During the pandemic, many musicians have revealed their quieter, reduced, more reflective sides. Elvis Costello usually had other ideas.
His 2020 album, ‘Hey Clockface’, was a high-contrast mix: urban retro acoustic pop, crushing rockers, otherworldly electronics. For “Spanish Model” in 2021, he gathered Spanish-speaking rockers to translate lyrics and replace his own vocals on the songs of “This Year’s Model,” his fierce, punky 1978 album with the Attractions. Apparently revisiting the attractions in their most aggressive way led to something. On ‘The Boy Named If’ Costello joins his regular band The Imposters – the original Attractions with a replacement bassist – for songs that kick hard and deep. It’s anything but quiet.
“The Boy Named If” has an elaborate superstructure. The deluxe version adds an 88-page book written and illustrated by Costello, “The Boy Named If and Other Children’s Tales.”

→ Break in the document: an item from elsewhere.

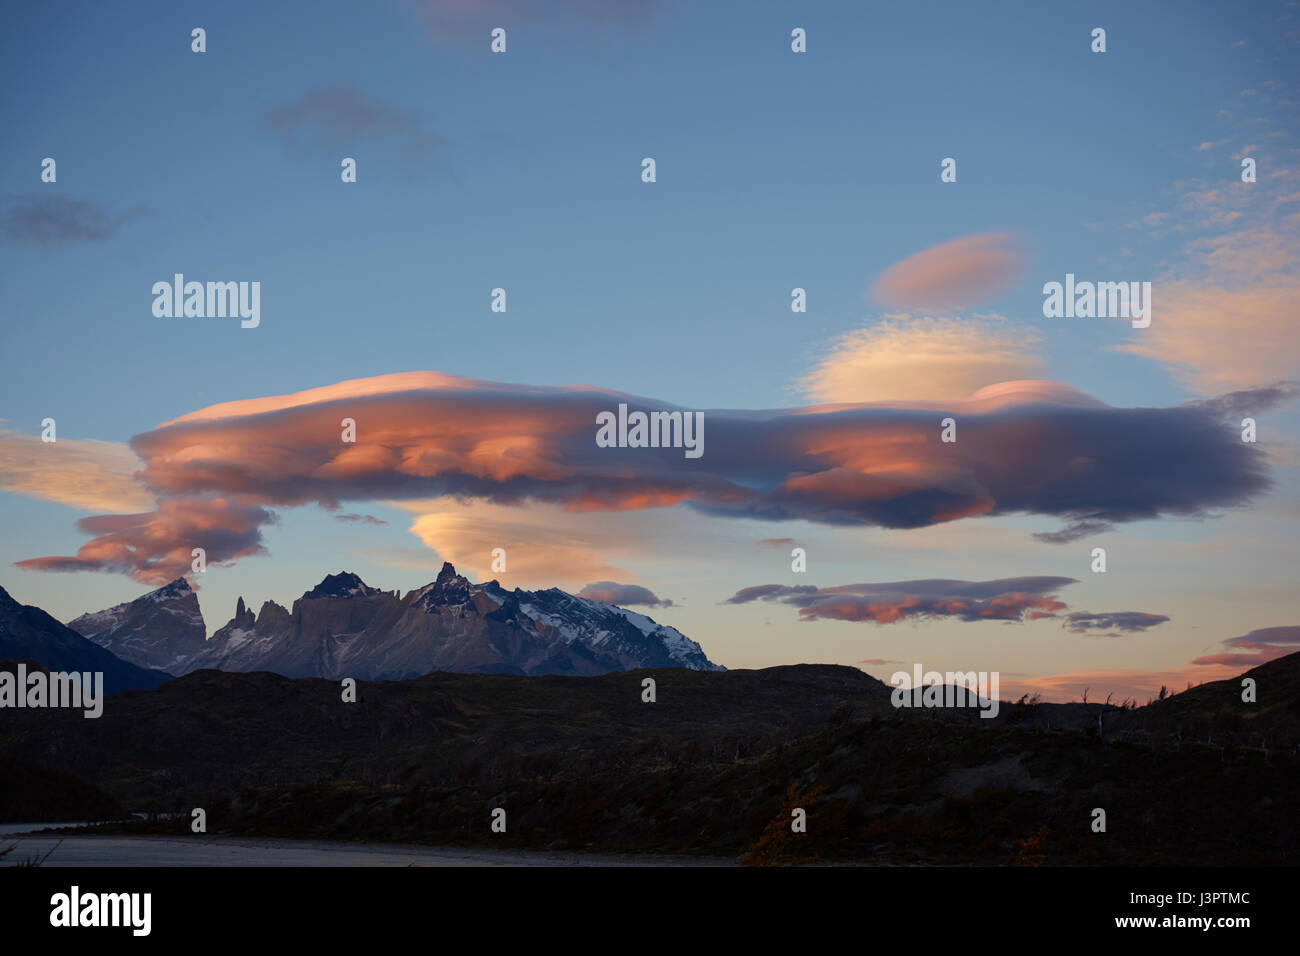 Lenticular clouds at dusk over the mountains of Torres del Paine National Park in Patagonia, Chile Stock Photo
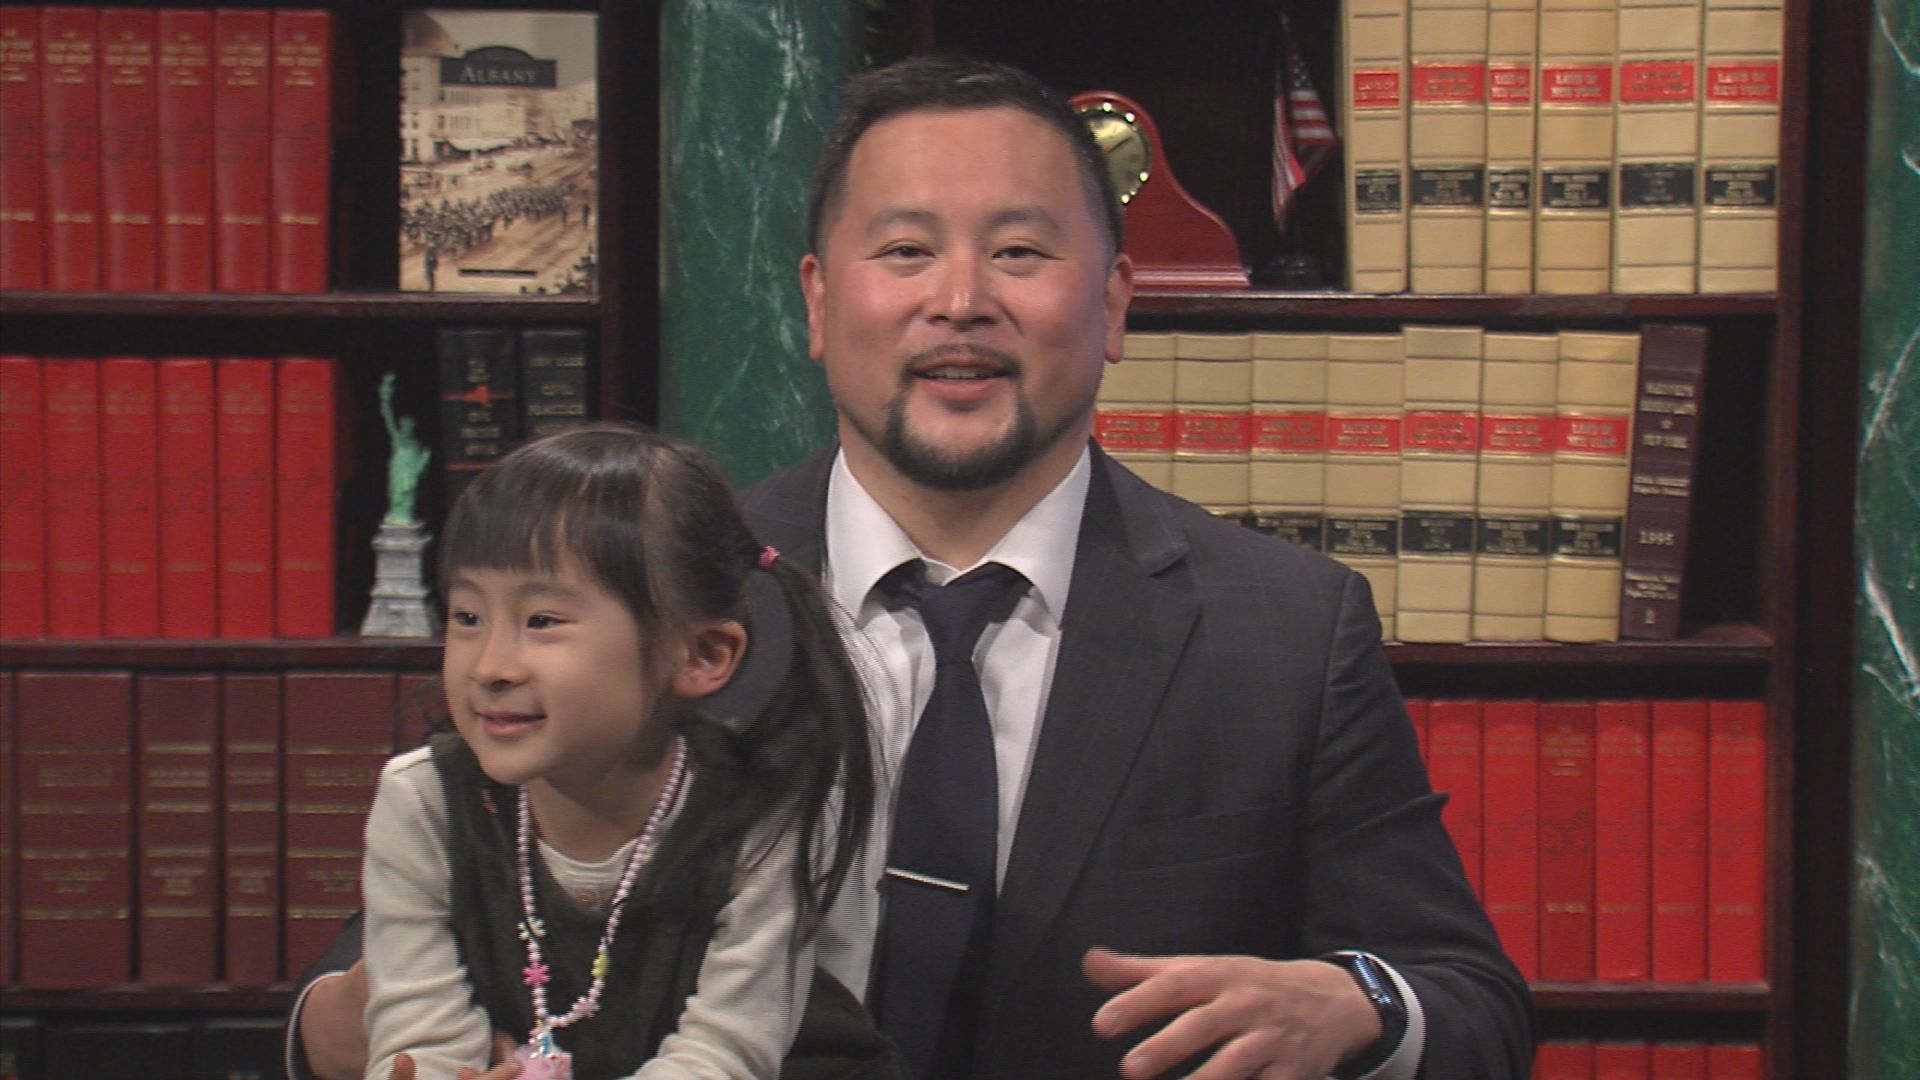 Assemblymember Kim Introduces his Daughters to Constituents

However, it is not made for children. Each song is given a prose vignette – sometimes the lyrics are elaborated, sometimes alternative scenarios are sketched out – alongside bright, blocky drawings with big eyes. The vignettes, like the songs, are full of Costello’s jumpy puns, and they contain lust, infidelity, violence, rapacity, betrayal, deceit, self-deception, and other adult pastimes.
The situations and puns are knotty; often they crush youthful illusions into adult disillusionment. The album’s stomping title track posits a happy, seductive, elusive imaginary friend, “the boy named If,” who always escapes the consequences. In “What If I Can’t Give You Anything But Love?”, a cheating husband struggles to figure out where he really stands with his lover: “Don’t fix me with that deadly look / It’s a bit almost pity,” he chokes. And in “My Most Beautiful Mistake,” a duet with Nicole Atkins, a screenwriter in a restaurant tells the waitress she saw her in movie scenes; she’s skeptical. “I’ve seen your kind before,” she notes, ” in courtroom sketches.’
While the lyrics are complicated, the music just loads forward. Like so many pandemic albums, “The Boy Named If” was put together remotely. Costello worked on guitar with drummer Pete Thomas; then he and co-producer Sebastian Krys added parts from Davey Faragher on bass and Steve Nieve on keyboards.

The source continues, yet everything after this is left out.